Syrian activists and Western officials say that like the
unregistered arms transfers organized by other Arab states, the shipments from
Libya have been very large but have not kept up with the enormous rebel
ammunition expenditures each day.
And most of the weapons have been relatively light,
including rifles, machine guns, rocket-propelled grenades, small arms
ammunition and mortar rounds.
But the Libyan influx appears to account for at least a
portion of the antitank weapons seen in the conflict this spring, including
Belgian-made projectiles for M40 recoilless rifles and some of the Russian-made
Konkurs-M guided missiles that have been destroying Syrian tanks in recent
months.
Syrian rebels, working with Qatari backers and the
Turkish government, have developed a system for acquiring and distributing
Libya’s excess stock, Syrian activists and rebels said.

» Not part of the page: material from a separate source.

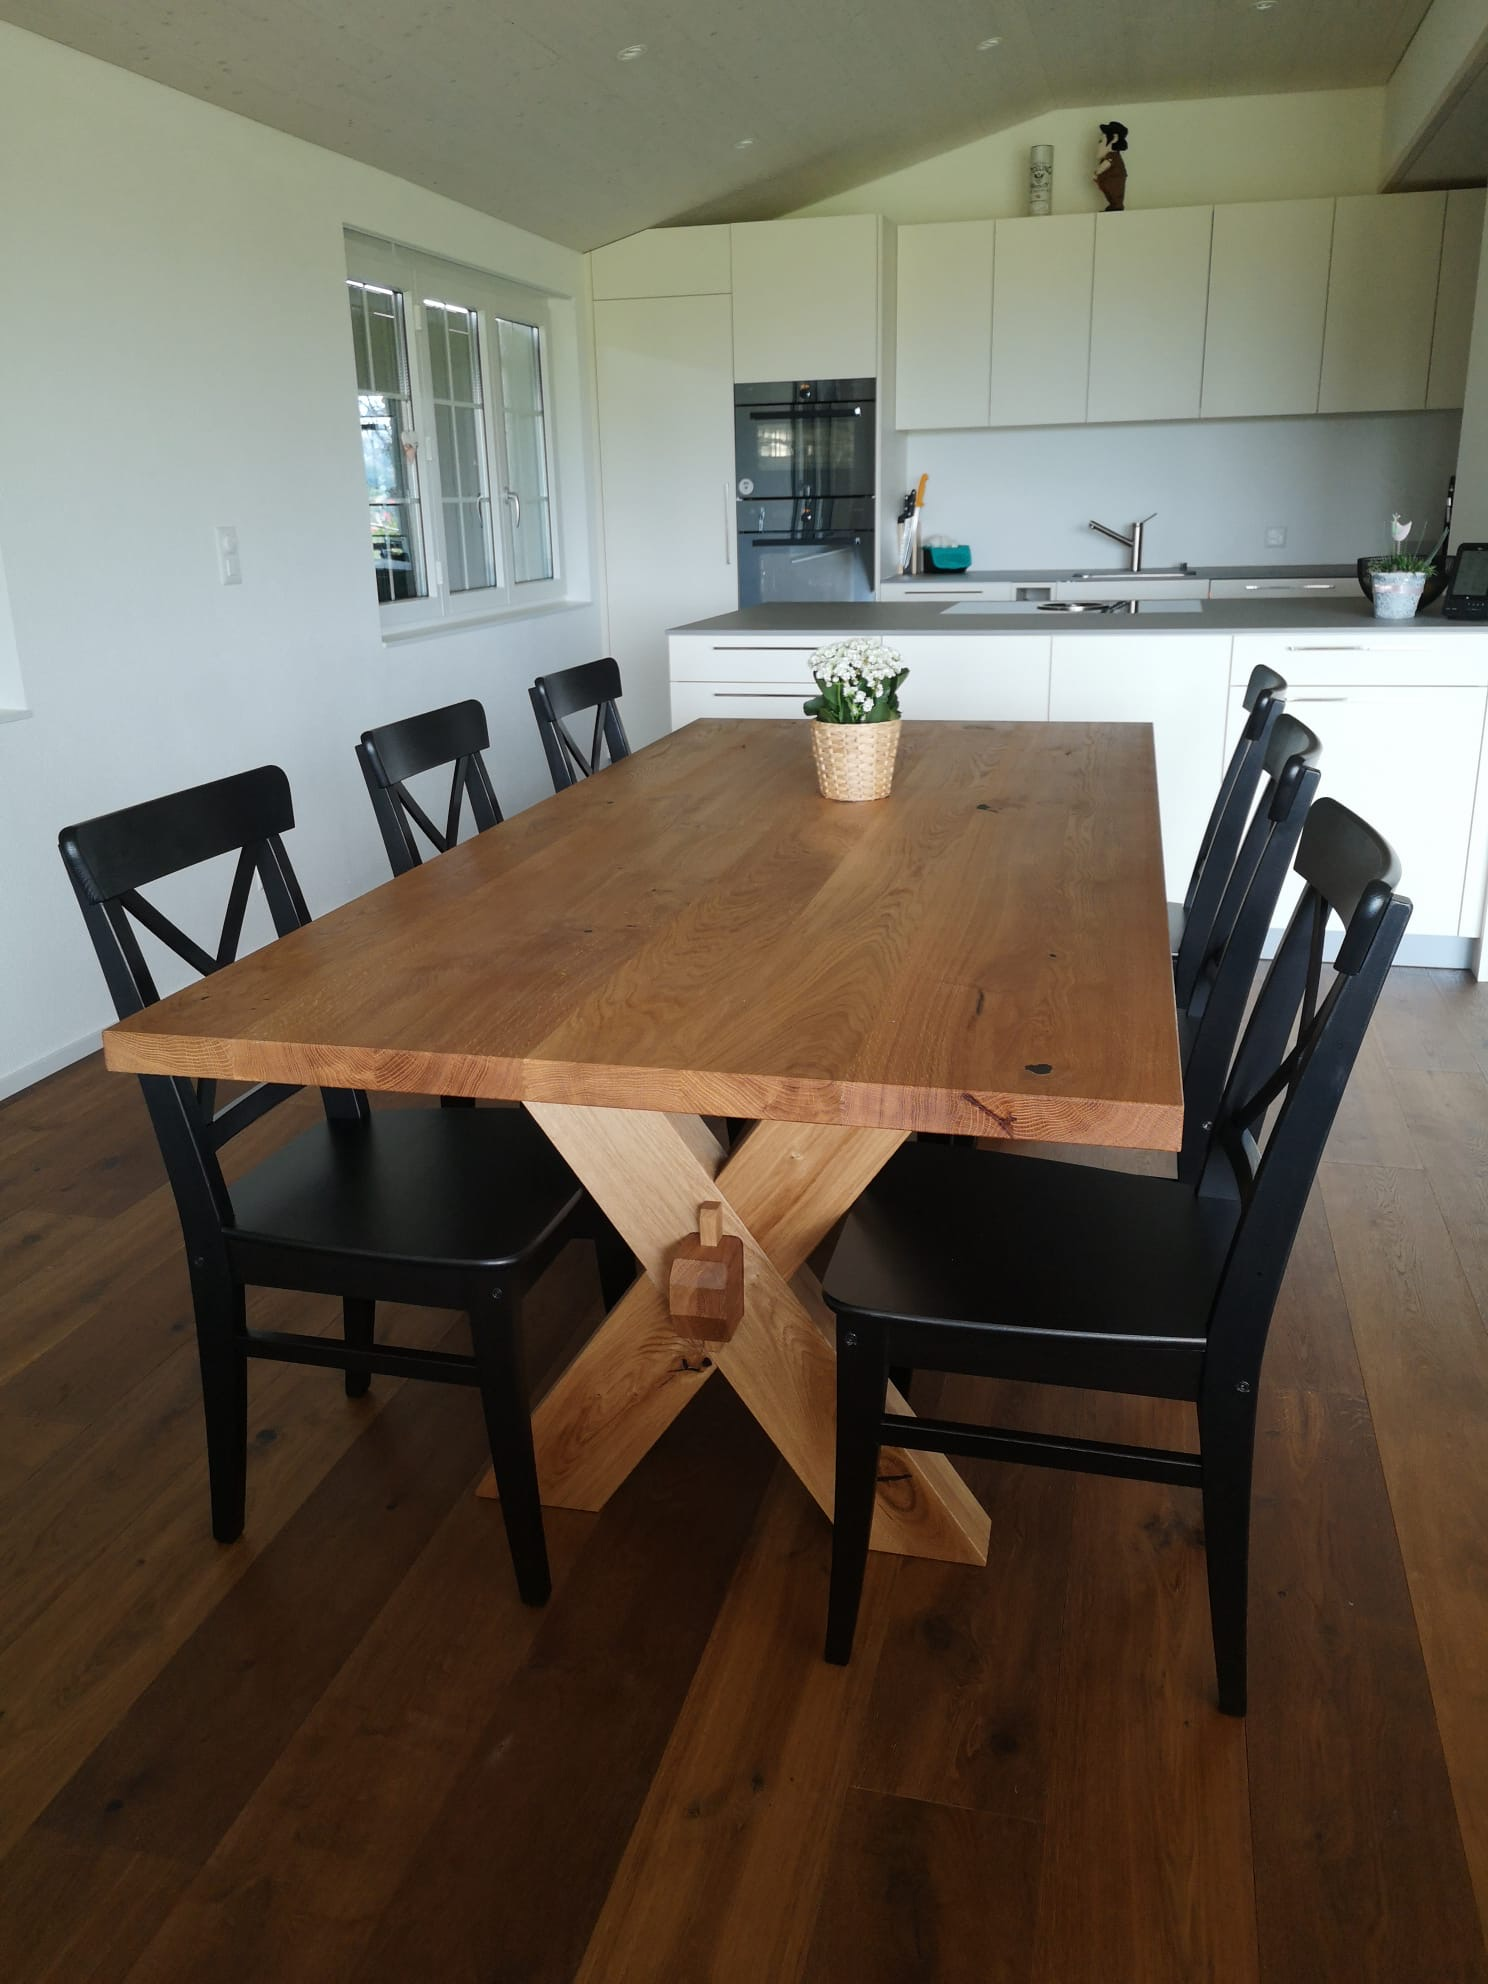 Tisch Eiche rustikal, schwarz gespachtelt, gebürstet & geölt

Orders are placed and shipments arranged through the
staff of the Supreme Military Council of the Free Syrian Army, a Western-backed
opposition committee that was formed in Turkey late last year.
Safi Asafi, a coordinator commander active on Syria’s
northern borders, one of the unofficial gates for weapons shipment to the
opposition, said that rebel groups seeking Libyan arms approach the council to
arrange the deals.
“Any fighting
group in Syria that wants weapons from Libya will go to the staff asking for
the approval from the Turkish authorities involved in the transfer, then gets
it, the weapons arrive in Syria, and everyone gets his due share,” he said.

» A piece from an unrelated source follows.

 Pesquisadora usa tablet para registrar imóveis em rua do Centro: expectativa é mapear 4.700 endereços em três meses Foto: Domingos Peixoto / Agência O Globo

By one common formula, Mr. Asafi said, the staff will
take 20 percent of the weapons designated for individual groups and distribute
them to others. But the ratio can fluctuate, he said, depending on the group’s
stature and influence, and less powerful groups sometimes yield a larger cut.
The Supreme Military Council generally does not
distribute weapons to blacklisted or extremist groups, Syrian activists said,
but these groups have little trouble acquiring the weapons once the arms enter
Syria, often buying them directly from groups that receive the council’s
support.
Signs of munitions from the former Qaddafi stockpile are
readily visible.
Late last month The New York Times found crates, storage
sleeves and spent cartridge cases for antitank rounds from Libya in the
possession of Ahfad al-Rasul, a prominent group fighting the government and
aligned with the Supreme Military Council.
The crates were immediately identifiable because they
were painted with a distinctive symbol — 412 inside a triangle — that has been
used by many manufacturers, including in China, the Soviet Union, Russia, North
Korea and Belgium, to mark ordnance shipments designated for Colonel Qaddafi.
Stenciling on the crates’ sides declared their original
destination in 1980: the “Socialist Peoples Libyan Arab Jamahirya.”